Knowing about trademark law could make all the difference when it comes to making your brand stand out with consumers—and having the protection you need against competitors. Here, Ron Ventola, a registered patent attorney who practices intellectual property law at Schnader Harrison Segal & Lewis LLP, breaks down the basics.

1. What is intellectual property law?
It’s the law of ideas. It protects inventions, product designs, creative works, brand names, and confidential information.

2. What can intellectual property law do for my business?
Some businesses can use copyright law to protect creative works or use patent law to protect inventions or ornamental product designs. Many businesses can use the law of trade secrets to protect confidential information. Every business can use trademark law to create and protect its brand. Every business also must respect others’ intellectual property rights to avoid the risk of litigation.
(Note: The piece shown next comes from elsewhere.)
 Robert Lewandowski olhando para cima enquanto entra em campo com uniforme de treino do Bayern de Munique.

3. How can I use trademark law in my business?
A trademark is a name or logo associated with a product or service from a particular source; for example, Tide detergent or McDonald’s restaurant services. (Product packaging can sometimes serve as a trademark.) To take best advantage of trademark law, you should select a distinctive trademark. Once you start using your trademark, you should monitor the marketplace to make sure no one else has begun using a trademark that is confusingly similar to yours. An attorney can guide you and help you avoid wasted effort and the risk of liability.
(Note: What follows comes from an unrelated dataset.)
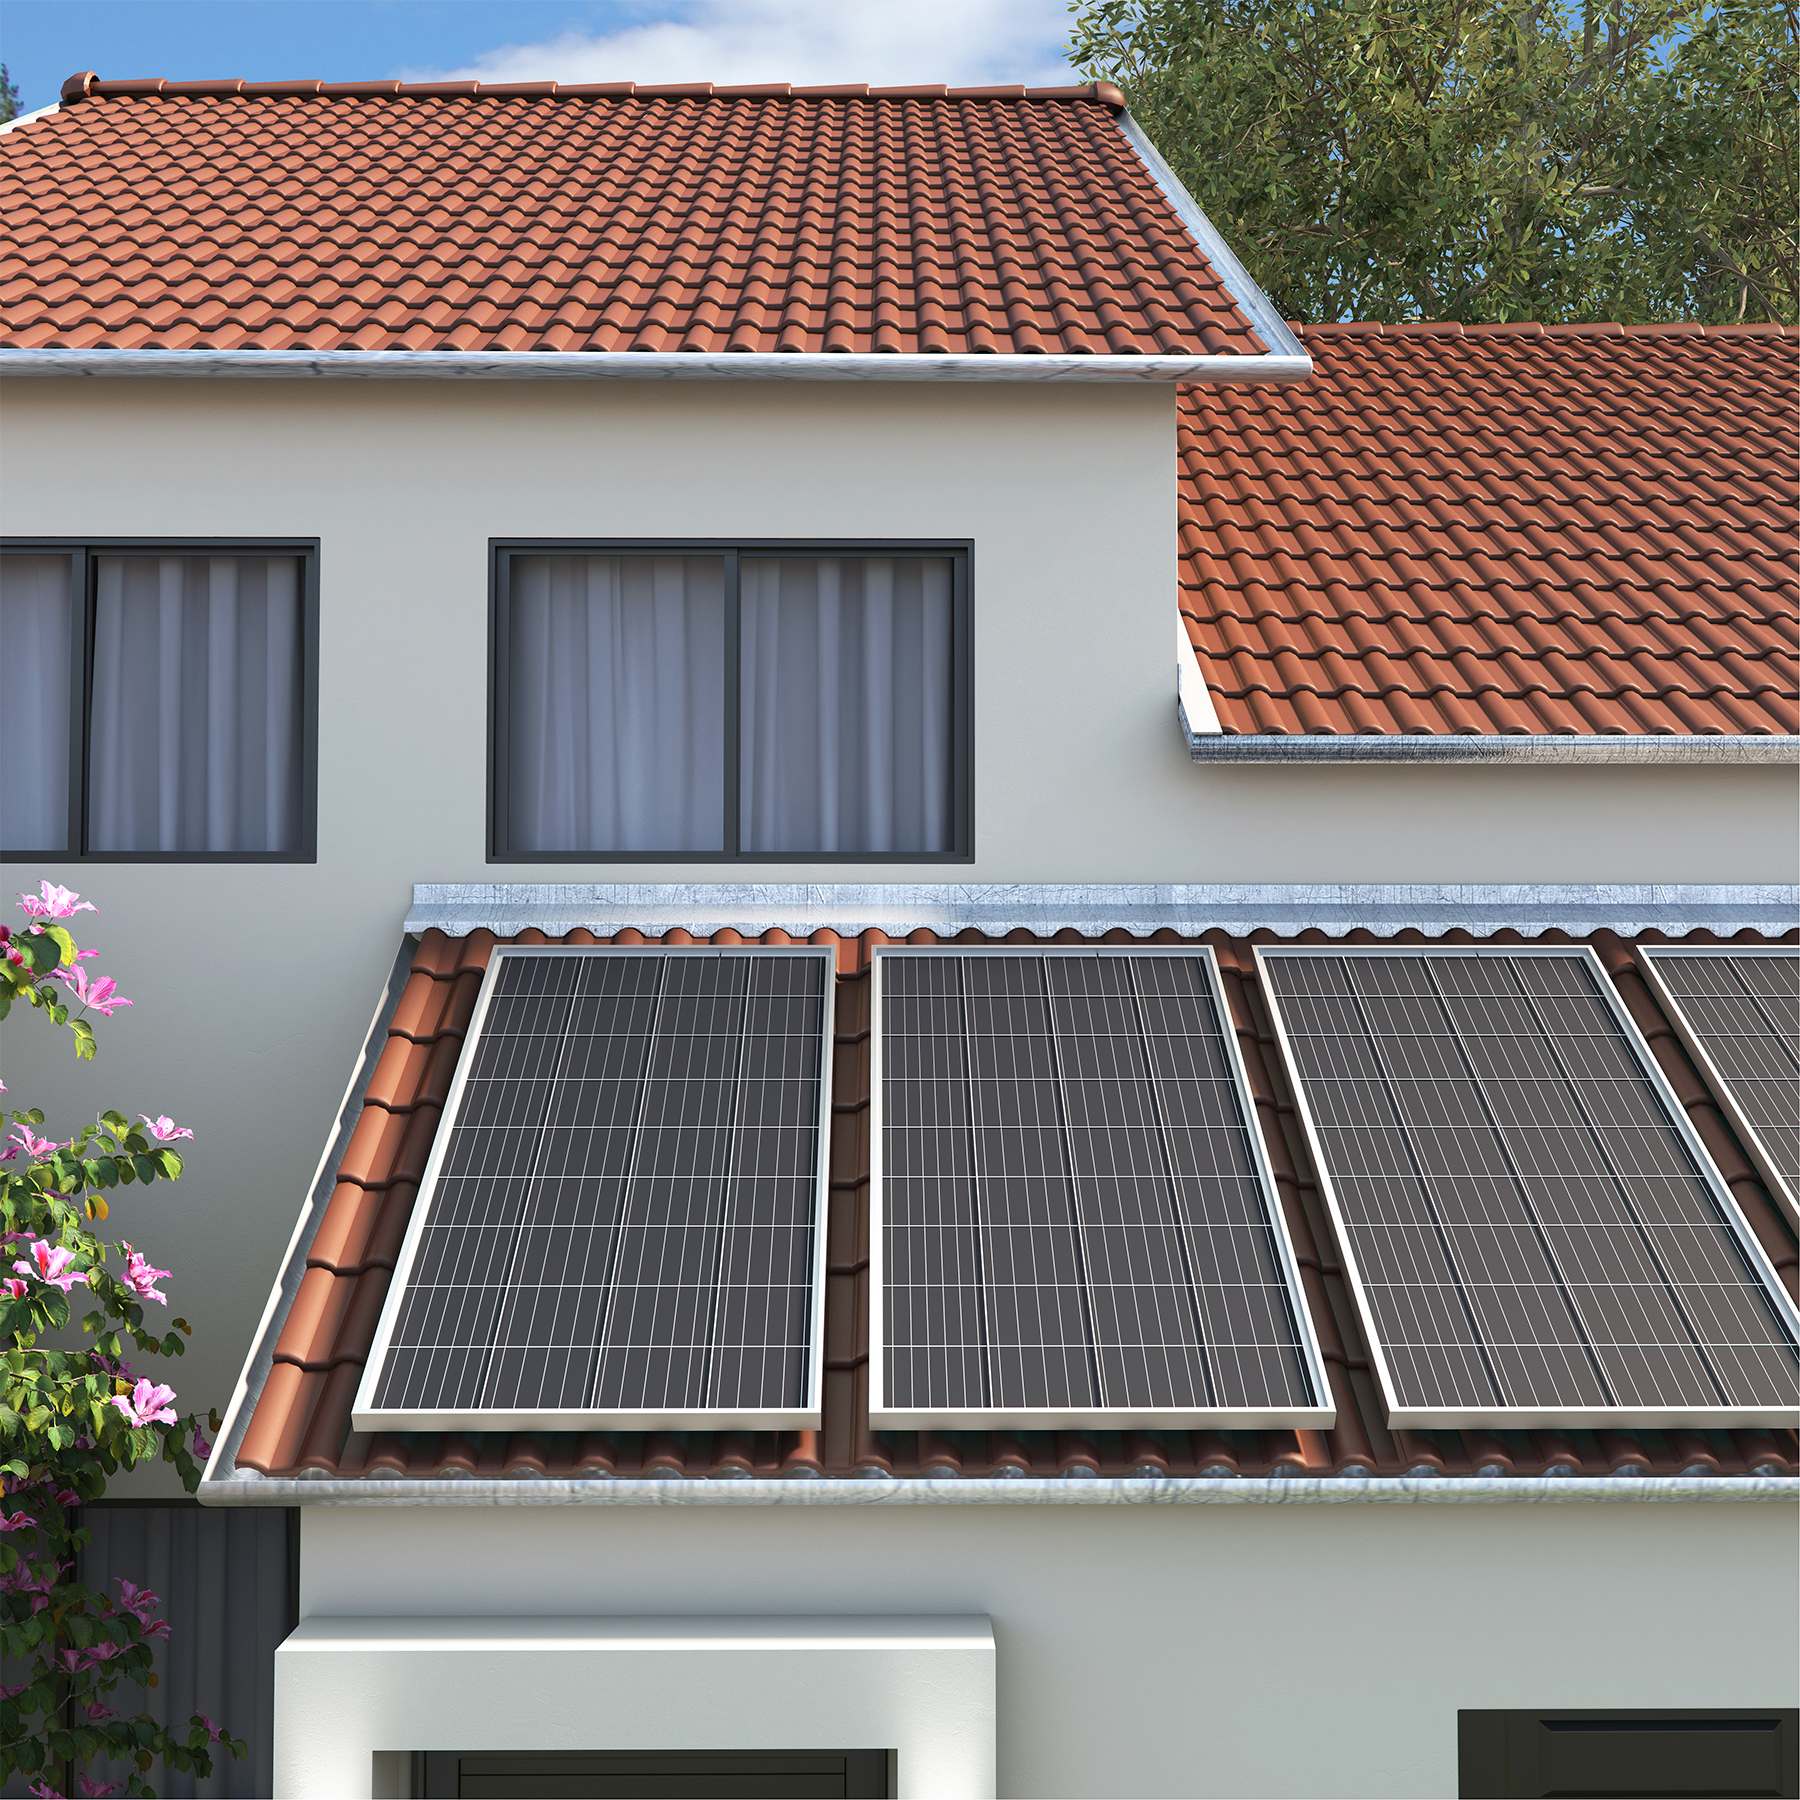 sistema fotovoltaico: kit de placa solar com 4 placas

4. Can I copy text or photographs from this website? It doesn’t say that it’s copyrighted.
Copyright law applies on the Internet as it does everywhere else. Generally, text or photographs may not be copied, even if there is no statement that the item is subject to copyright. To avoid trouble under copyright law, don’t copy anything—including text, photographs, music or videos—without either permission from the copyright owner or a careful determination that the copying is legally permissible.

5. I think I have made a valuable invention. I want to patent it. What should I do?
Consult a patent attorney right away, and keep the invention confidential until you do. You can apply for a patent without a patent attorney. You can also cut your own hair without a barber. I don’t recommend either.

Published (and copyrighted) in South Jersey Biz, Volume 3, Issue 7 (July, 2013).